Shh
hhhhhh... Today I want to talk about that book that has me thinking so much, that I've made wide arcs around, and that I promised to critique back there.
I'm nervous writing about it because I have a few concerns about the book. No, I have no concerns about the author. No, I have no concerns about the main subject Who is God Himself. Yet some little concerns...
First, allow me tell you a little true story. The phone rang between three and four this morning. Phones ringing in the night alarm me as I'm sure they do anyone. I've had terribly alarming news in the wee hours of the morning on at least three occasions. This time it was my daughter who was indeed calling from the Emergency Room. I thought that she was there with her grandfather, my father. No, it turns out that she was there for her own health having awakened in great pain around midnight. She drove herself to the hospital and for the next four hours she went it alone as far as any family with her. (I know that no one is ever truly alone.) When it was time to release her, they would not because she was in no shape to drive herself home. Moms are good for something. I told her that a midnight call would've been fine.
As I say, those calls in the night — unsettling — panic mode. I hastily got myself dressed, grabbed my coat and keys, and set off. I was praying, though they were what John calls "pickle prayers." Those are the kind one prays when in trouble and not from any deep and abiding sense of faith. A mile or five down the road, a word much used in
that book made its way into my consciousness:
Eucharisteo — grace, thanksgiving, joy
. "In this, Lord? Even this?" I asked.
Especially in this.
So to say the thing I am concerned about saying after having had the experience I just had... Can we just say
conflicted.
After the wary arcs, I finally settled down with a pen and this book is as marked as any I've ever read. Ann is a lyrical writer, a true poet. It is worth reading her book for the beauty of it alone. She has been given such talent and there are times when a phrase is going to rip your heart out.
In the end, I sat thinking about what I'd read and wrote a letter to the author on the back pages of the book.
"Ann, dear, you are much too hard on yourself" my letter began... Christianity is not a self-improvement program. There is nothing in our life as Christians that depends on a formula. Not the way we dress, look, nor in the writing of a gifts journal. We look to Him in every circumstance, decision, new day, and when we lie down at night. He is still the vine and we are the branches responding to Him. We do not all respond in the same way; we each have a unique experience. I am so glad that His ways are much easier than my own. All He asks is this: Come unto me and I will give you rest.
Please forgive me if I tread on any toes. The comments are being kept open so that you can offer an opinion. Oh, do I recommend the book? A resounding
yes with the caveat you see above. Let's simply be receptive to the Lord's love and His prompts and nudgings...
Thank you for your prayers for my daughter. I'm taking her to see the specialist this afternoon.
A good day to you...
(Oh, I meant to thank you all for your sweet comments about Nan's bathrobe.

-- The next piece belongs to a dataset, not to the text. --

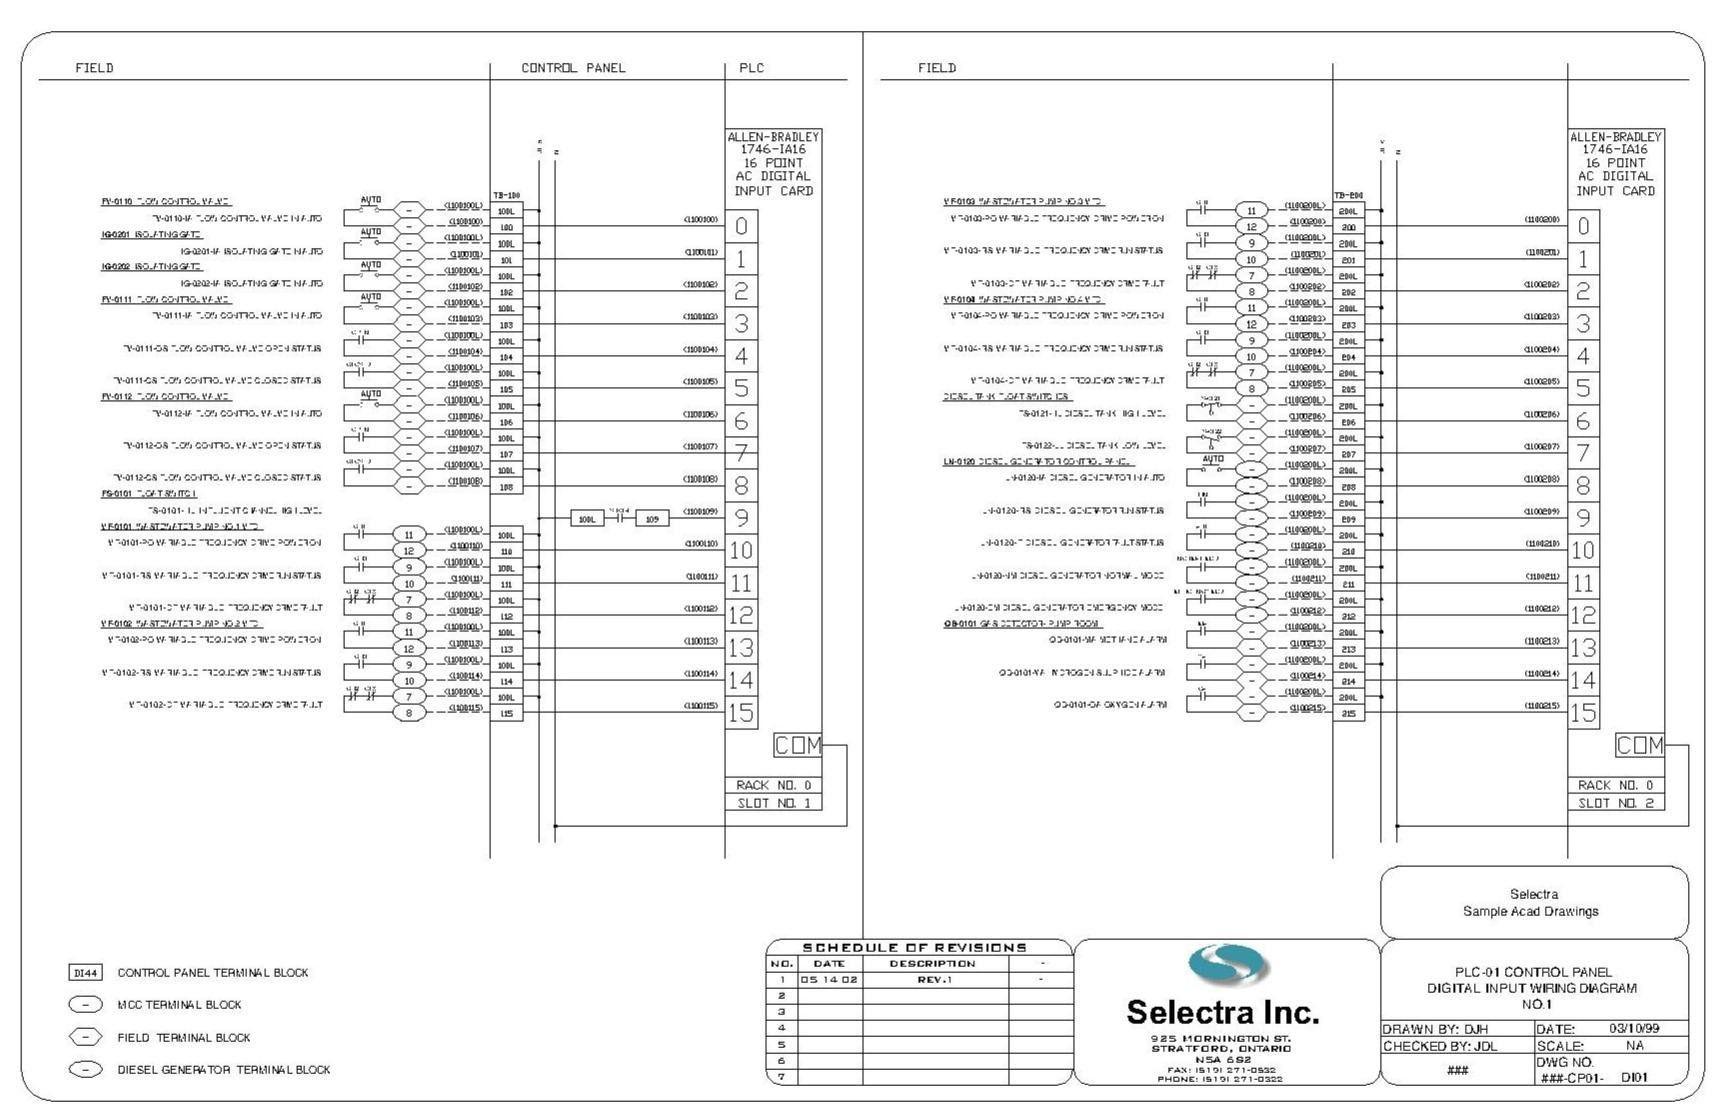 Unique Lovato Contactor Wiring Diagram Bullet Journal Diagram Wire

It is being tenderly wrapped and delivered to my daughter this afternoon. She is the only one tiny enough to wear it.)
ETA at 7:17 pm : It's the dreaded waiting game for my daughter. She has been prone to developing kidney stones and that is what the trouble is this time. She's on six different medications and even had a shot of painkillers at the urologist's office. Lots of water in her future...funny thing is that she drinks more water normally as a matter of course than anyone I know. Thanks for all the good wishes and prayers. She is feeling pretty rotten.
ETA on 3/26/2011: All is well... Thank you so much for the prayers and good wishes. Now L only has to finish up the antibiotic. No more mind-numbing pain killers...phew! I think she's smiling just as you see her in my sidebar. Yup, we've got a happy camper this morning.